The copolymerization ratio of the alkylene oxide adduct of the divalent
phenol is in the range of 1 to 15 mol %, preferably 2 to 10 mol %,
especially preferably 3 to 7 mol % based on the total diol components.
When the copolymerization ratio is less than 1 mol %, the effect of
copolymerization of the compound is not exhibited. On the other hand, when
the ratio exceeds 15 mol %, the advantageous points of the
naphthalate-based polyester are unfavorably lost, that is, the strength of
a fiber is lost, or the like.
Further another copolymerization component may be copolymerized with the
above-mentioned naphthalate-based copolyester. Main examples of the
copolymerization component include dicarboxylic acid components such as
terephthalic acid, isophthalic acid and the like, diol components such as
trimethylene glycol, tetramethylene glycol, hexamethylene glycol,
1,4-cyclohexanediol and the like, and the like, and other known components
can be arbitrarily used.
The intrinsic viscosity of the naphthalate-based copolyester is suitably in
the range of 0.45 to 1.5, preferably 0.55 to 1.5. The intrinsic viscosity
used here is measured at 35.degree.

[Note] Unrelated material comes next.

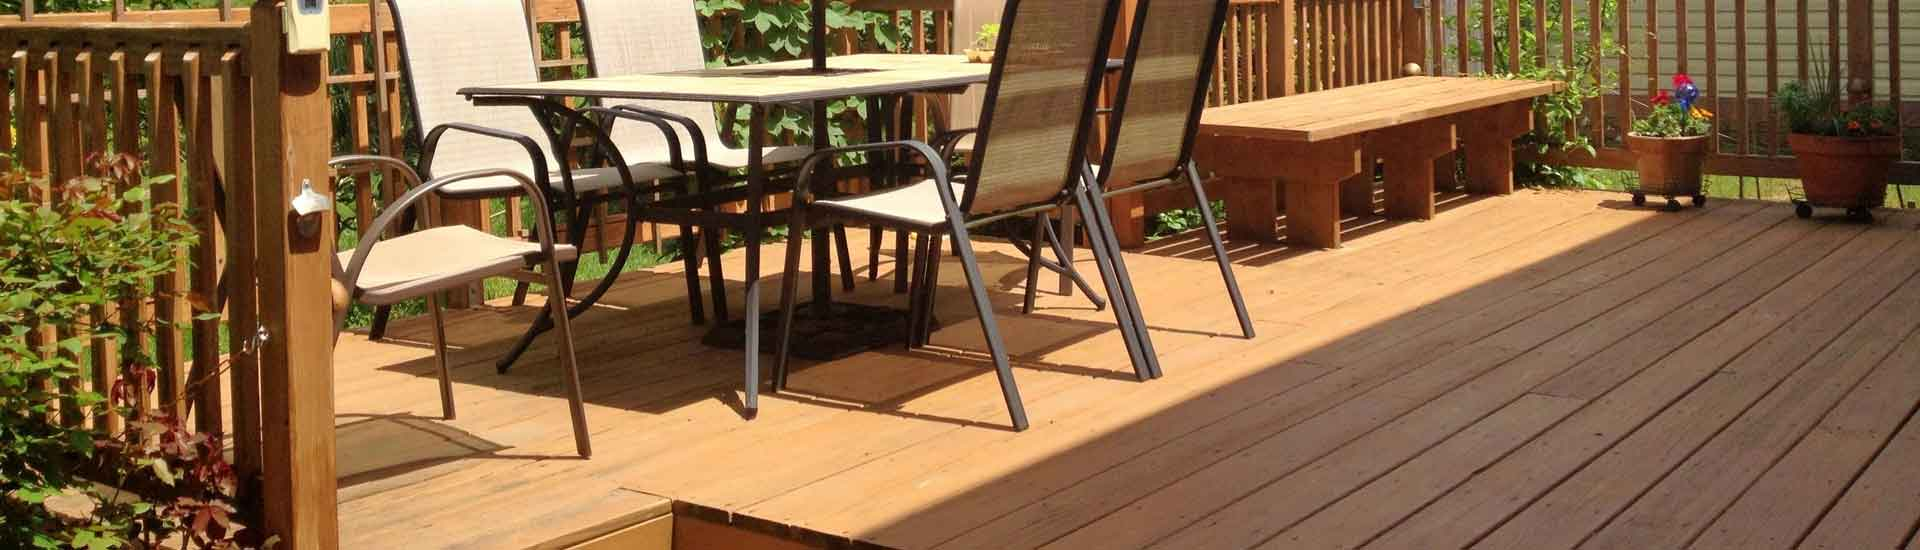 La terrasse en bois exotique pour votre extérieur

C. using o-chlorophenol as a solvent.
When the intrinsic viscosity is less than 0.45, mechanical properties of
the fiber, especially the monofilament, are low, and durability in a wet
heat treatment or a dry heat treatment is poor. On the other hand, when
the intrinsic viscosity exceeds 1.5, the melt viscosity is high, and
thereby the fluidity is insufficient, and it is difficult to spin the
naphthalene-based copolyester into a homogeneous fiber.

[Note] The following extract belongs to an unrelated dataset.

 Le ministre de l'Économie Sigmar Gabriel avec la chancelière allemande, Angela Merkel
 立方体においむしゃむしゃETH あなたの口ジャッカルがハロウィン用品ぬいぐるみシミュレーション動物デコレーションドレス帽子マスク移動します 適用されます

Further, it is preferred from view points of melt stability during melt
spinning and the hydrolytic resistance of the fiber to be obtained that
the naphthalate-based copolyester has the concentration of carboxyl
terminal groups of not larger than 40 equivalent/ton, preferably not
larger than 30 equivalent/ton, especially preferably not larger than 20
equivalent/ton.
Next, to the naphthalate-based copolyester of the present invention may be
added an additive commonly compounded to a polyester fiber, for example,
inorganic particles such as titanium oxide, silicon oxide, calcium
carbonate, talc or the like, or a known stabilizer, ultraviolet absorbent,
antioxidant, antistatic agent, pigment, wax, silicone oil or surfactant,
or the like. Further, a polyester other than the above-mentioned
naphthalate-based copolyester, a polyamide, a polyether-ester, a
polyurethane, a polycarbonate, a polyarylate, a fluorine-contained resin
or the like may optionally be mixed in a small amount at need.

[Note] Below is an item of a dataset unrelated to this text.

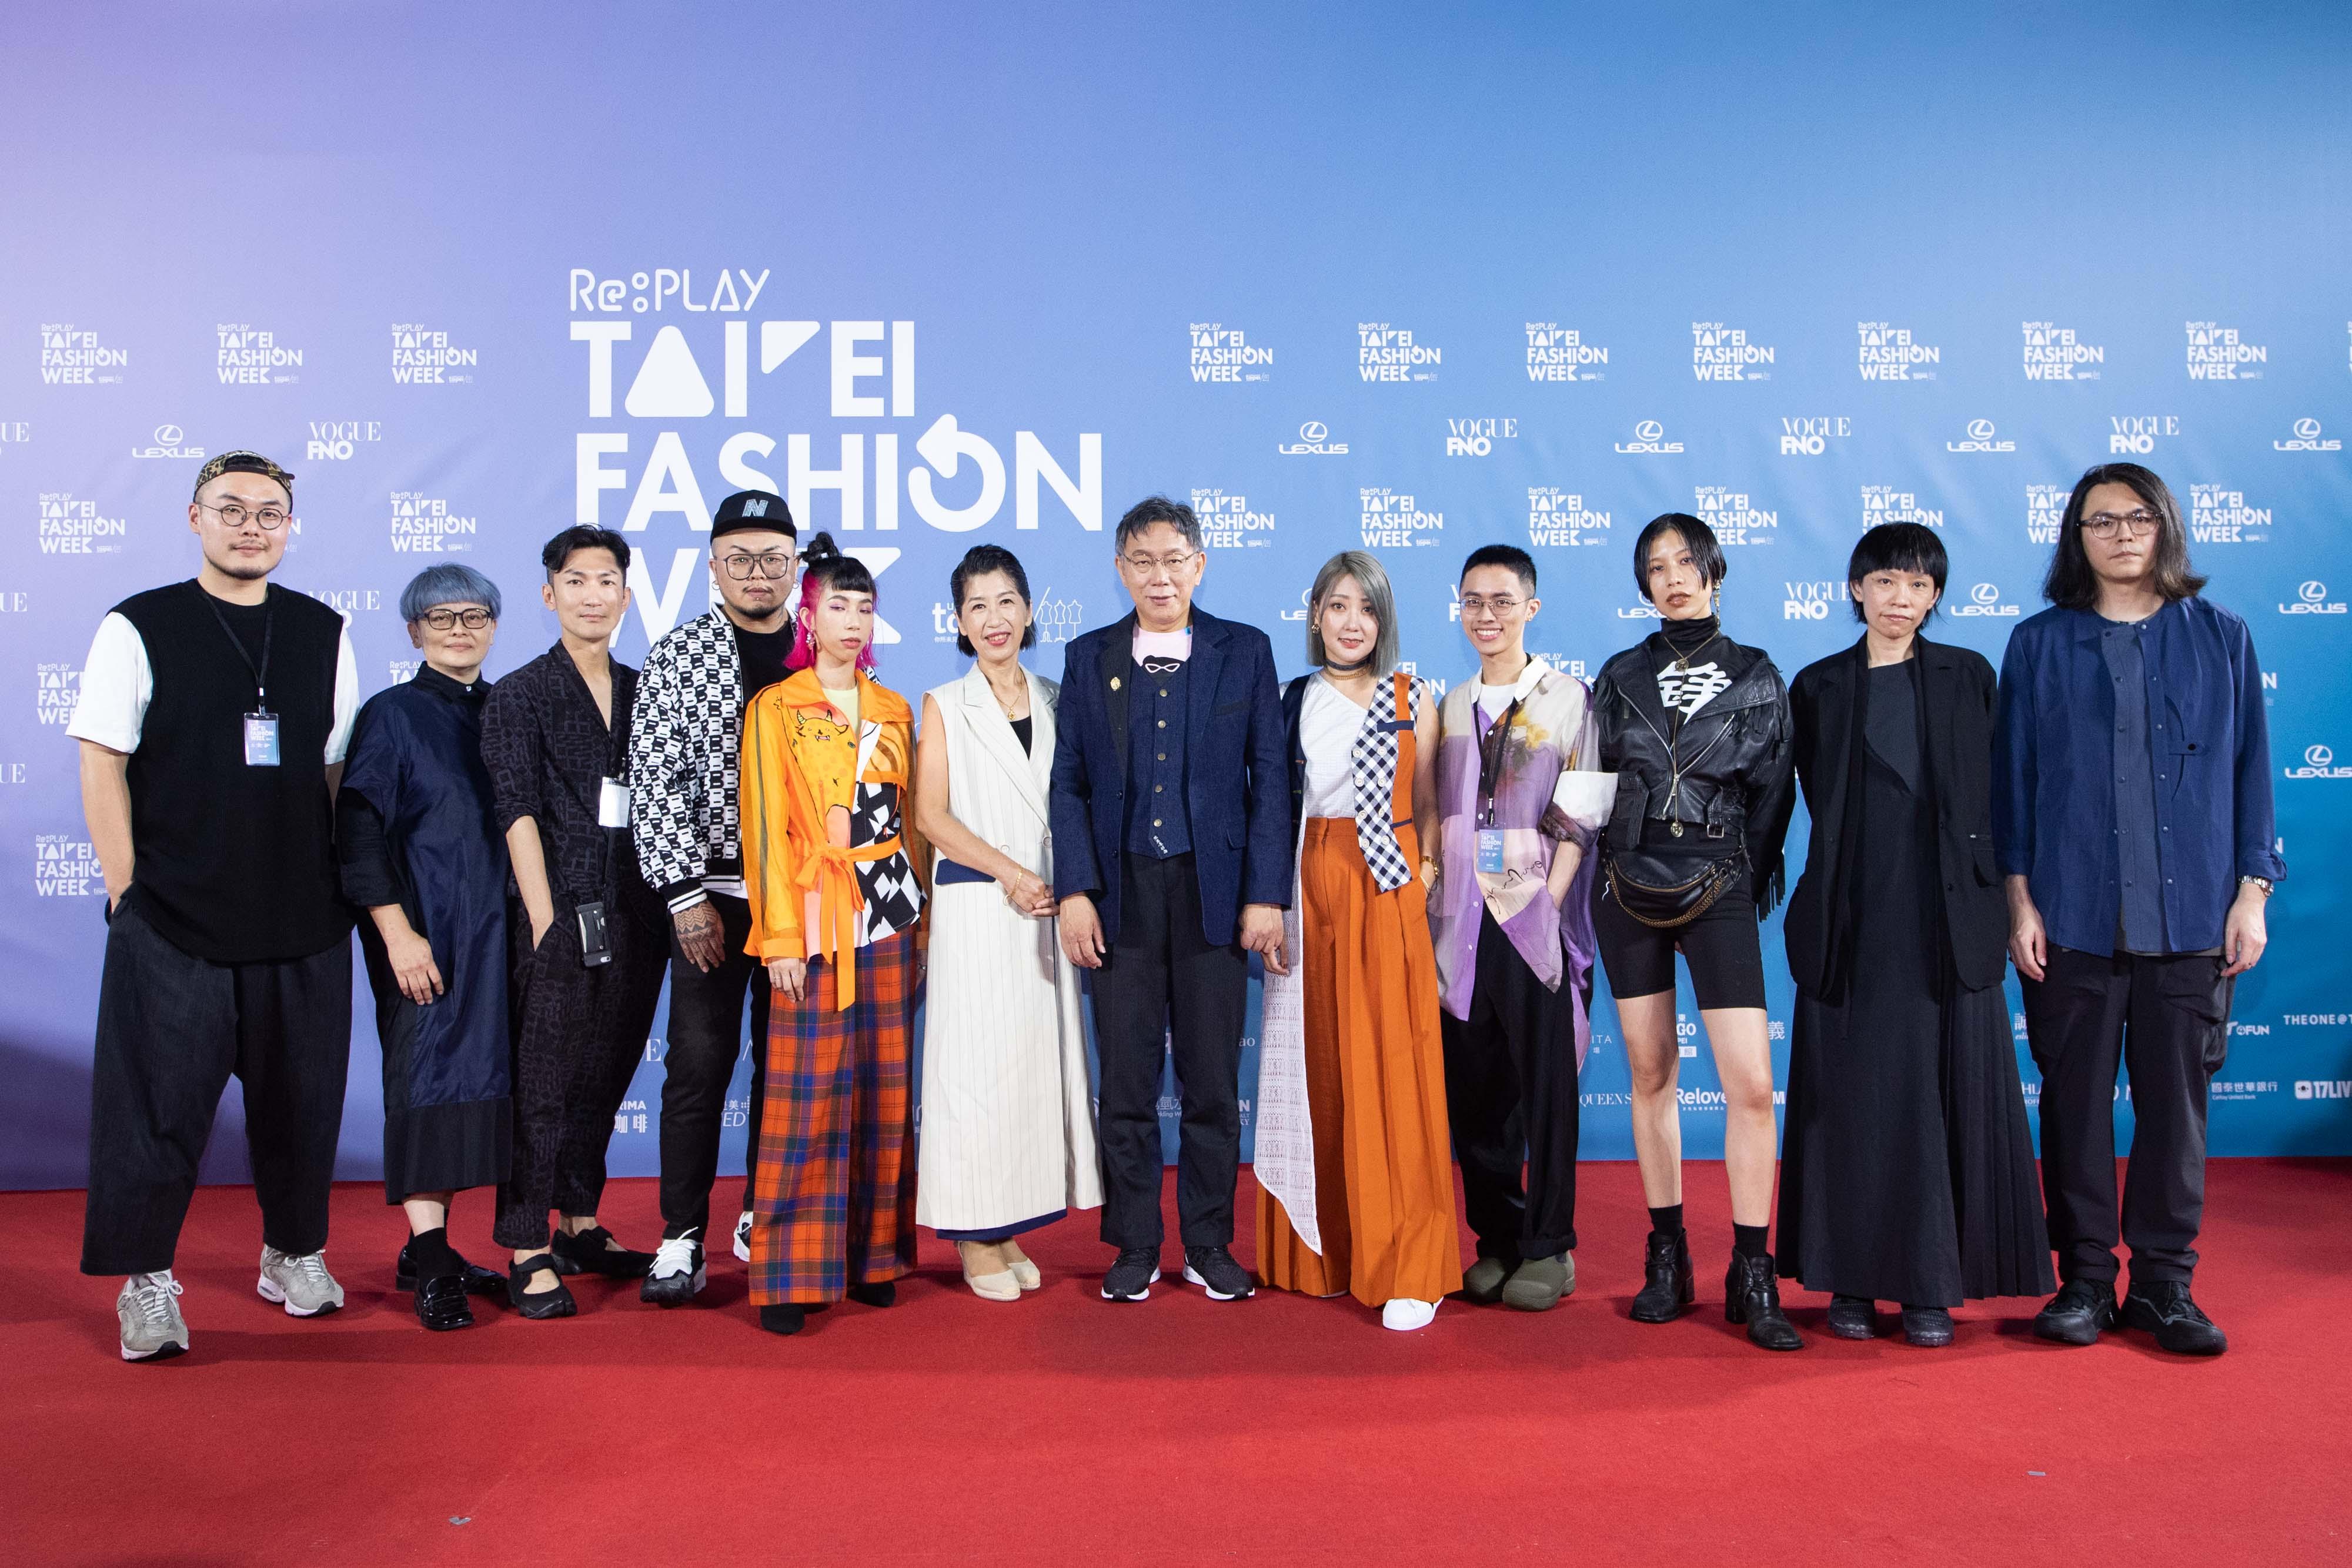 新銳與國際級台灣設計師聯手時裝展演

The naphthalate-based copolyester of the present invention can be produced
in accordance with a conventionally used method. For example,
2,6-naphthalenedicarboxylic acid or its dimethyl ester, ethylene glycol
and the alkylene oxide of the above-mentioned divalent phenol are mixed
each in a specified amount, and the mixture is subjected to a heat
reaction at atmospheric pressure or under reduced pressure. In this
process, an additive such as a catalyst can be used arbitrarily at need.
The polyethylene naphthalate fiber of the present invention is a fiber
comprising the above-mentioned naphthalate-based copolyester, and the
effect of the present invention is remarkable when the present invention
relates to a fiber having the single fiber fineness of 5 denier or more,
or preferably 10 denier or more. When the fiber is a multifilament, it is
not necessary to specifically limit the total fineness, and the total
fineness can be arbitrarily decided depending on its usage. On the other
hand, when the fiber is a monofilament, a monofilament having the fineness
of 10 to 13,000 denier, especially 300 to 10,000 denier advantageously
exhibits the effect of the present invention in a remarkable manner. The
shape of the cross section of the fiber may be a circle, but it can be
arbitrarily selected from other cross sections such as triangle, square,
polygon and the like at need.
Further, it is preferred that the polyethylene naphthalate fiber of the
present invention has a knot strength retention ratio of 70% or more, and
a tensile strength retention ratio of 70% or more. When these ratios are
smaller than 70%, the durability on use sometimes widely lowers in an
application of, for example, a dryer canvas for papermaking or the like,
which is used under extremely severe conditions. Here, the knot strength
retention ratio is a value determined from knot strengths measured before
and after the fiber is subjected to a wet heat treatment in an autoclave
of 140.degree. C. for 60 hr, and the tensile strength retention ratio is a
value determined from tensile strengths measured before and after the
fiber is subjected to a wet heat treatment in an autoclave of 135.degree.
C. for 40 hr.
The above-mentioned polyethylene naphthalate fiber of the present invention
can be produced by subjecting the above-mentioned naphthalate-based
copolyester to melt spinning, drawing and optionally a heat treatment
according to conventionally used methods. For example, a dried
naphthalate-based copolyester is melt spun through a spinneret at a
temperature in the range of the melting point to the melting
point+70.degree. C., and the spun fiber is cooled to solidify and then
taken up at an appropriate speed to obtain an undrawn fiber. Further, a
carboxyl terminal group-blocking agent such as a carbodiimide compound or
the like is preferably added to the polymer when it is molten, since the
addition can suppress the decrease of the intrinsic viscosity and improve
the durability of the fiber to be obtained.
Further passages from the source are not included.